Every so often, a public IT failure provides a reminder of why it’s important that IT folks pay attention to the little things. Just such an incident landed the state of Oregon in the news recently, when a storage upgrade went awry, causing what a state spokesman reportedly called a “catastrophic failure” that cut off the state’s storage area network from the agencies it services.

The impact of the failure was felt throughout the state. Child support payments and unemployment checks for new recipients were delayed. Employees couldn’t access email. The forestry service lost access to maps, the state’s job search portal crashed, and overnight computing processes were interrupted. In other words, it really was a catastrophic failure--the kind of nightmare scenario that IT folks dread.

Naturally, blame has to be assigned, and early indications are that the state is pointing the finger at its storage vendor, Hitachi.

But Greg Schulz, a senior advisory consultant with research firm StorageIO, said there’s plenty of blame to go around in such situations, and that the state may also want to take a look in the mirror.

“Ultimately, you--the deployer--are responsible,” Schulz said. “Did everything get outsourced to Hitachi, or did they have oversight? They have to do a post-mortem, address how it happened, how it could have been prevented, and look at what their options are.”
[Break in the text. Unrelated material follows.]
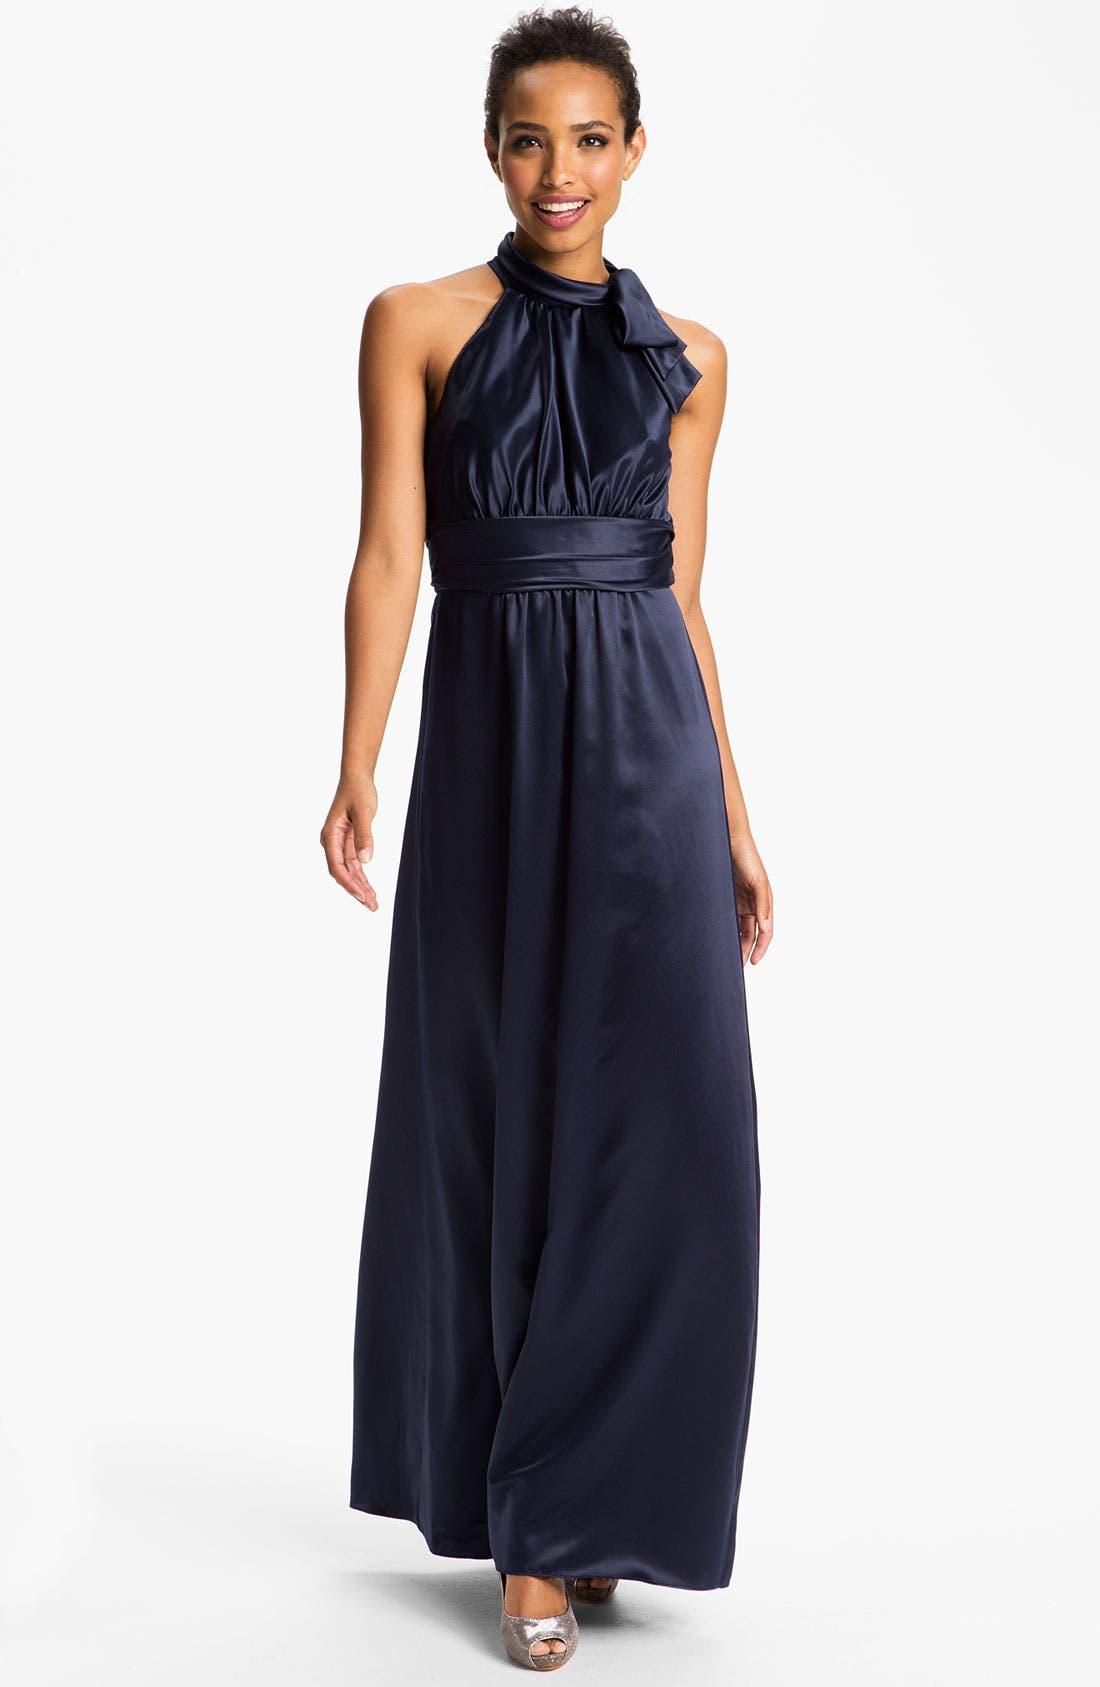 Main Image - Amsale Tie Neck Satin A-Line Gown

Schulz also said there’s an opportunity to learn from the storage fiasco--both for the state of Oregon and for IT departments everywhere. One of those lessons, he said, is to always have contingency plans in place.
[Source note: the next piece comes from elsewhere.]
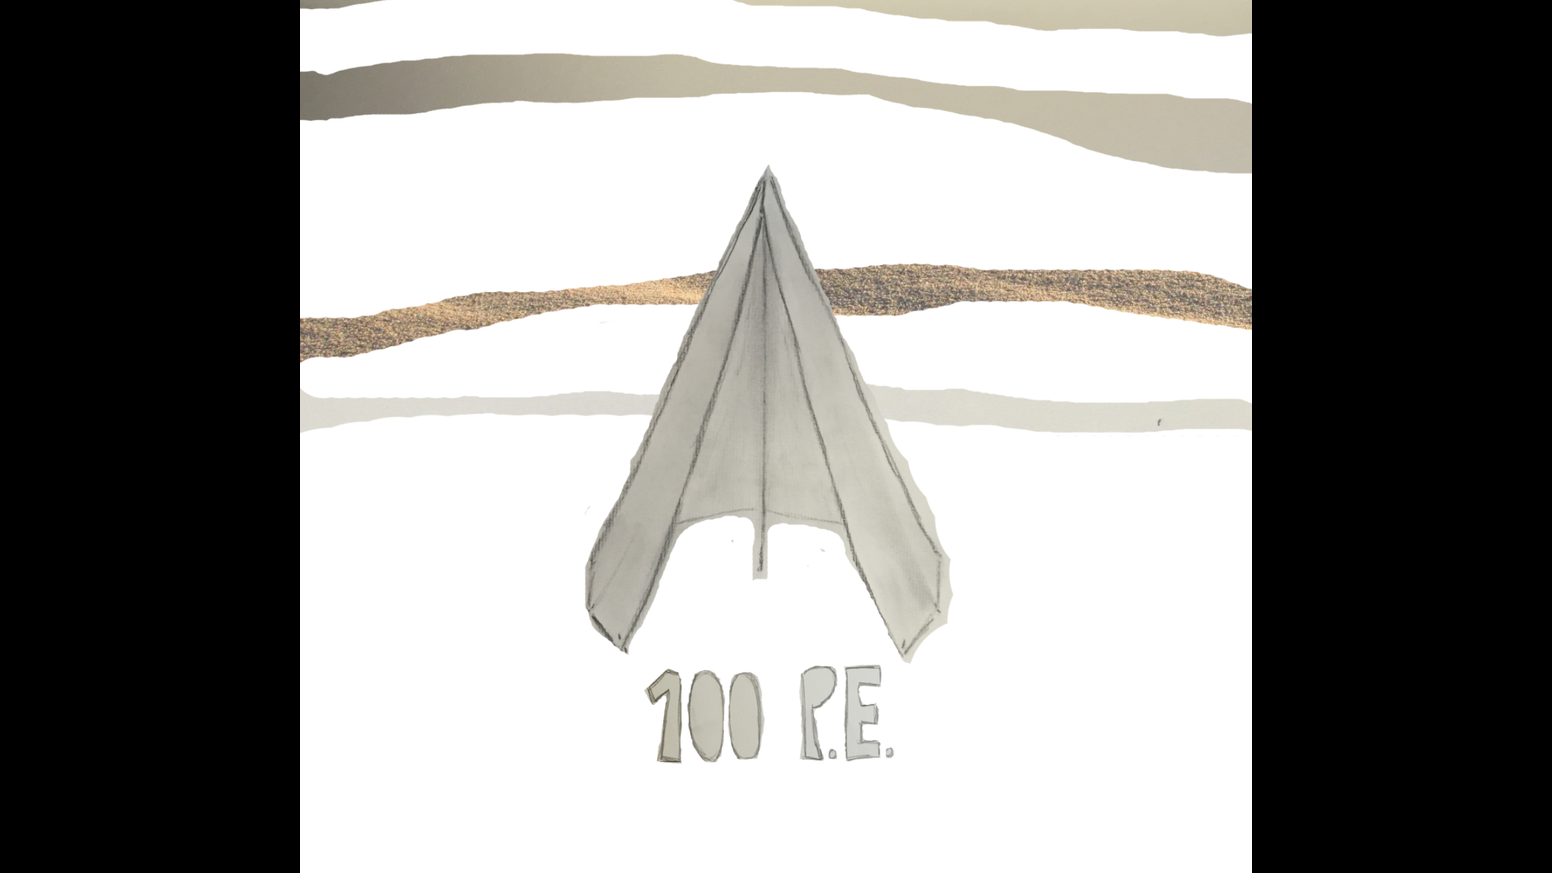 p e by zachary brenner and noa kattler kupetz kickstarter 100 p e

“Fundamental IT 101 is that all technology will fail, despite what the vendors tell you,” Schulz said. And the most likely time technology will fail, he notes, is when people are involved--doing configurations, making changes or updates, or performing upgrades.

[Get tips on how to shake up your continuity training in "Creative Tests for Your Business Continuity Plan."]

The prospect of such failures should motivate organizations to perform more due diligence when buying and deploying storage and other infrastructure technology so that they can minimize potential damages. Specifically, there are three steps organizations should take, according to Schulz:

• When making buying decisions, companies should think hard about how they’re going to use new tools. Businesses that jump into a technology purchase without thinking through use scenarios may run into problems down the road.

• Vendors might say they can address any issues online, but Schulz suggests asking them to put you on the phone with another customer under a non-disclosure agreement before making a purchase so you can candidly ask what to expect when things don’t go quite right.

• Be clear about the availability you require from each of your applications, and make sure you replicate the ones with high-availability requirements in a parallel system to protect them from inevitable failures.

Schulz suspects that Oregon could have minimized the damage of its recent incident if it had ensured higher availability for its services in the event of failure. Rather than throw its vendor under the bus, he said, the state should focus on answering a fundamental question as it troubleshoots its storage area network: How could this have been prevented?

The simple act of asking such questions could mean that Oregon reduces a future large-scale failure to a relative blip.

“You need to isolate and contain faults to prevent them from becoming a disaster,” Schulz said. “If anything can happen, it will. If there is that chance that it can happen, you mitigate it.”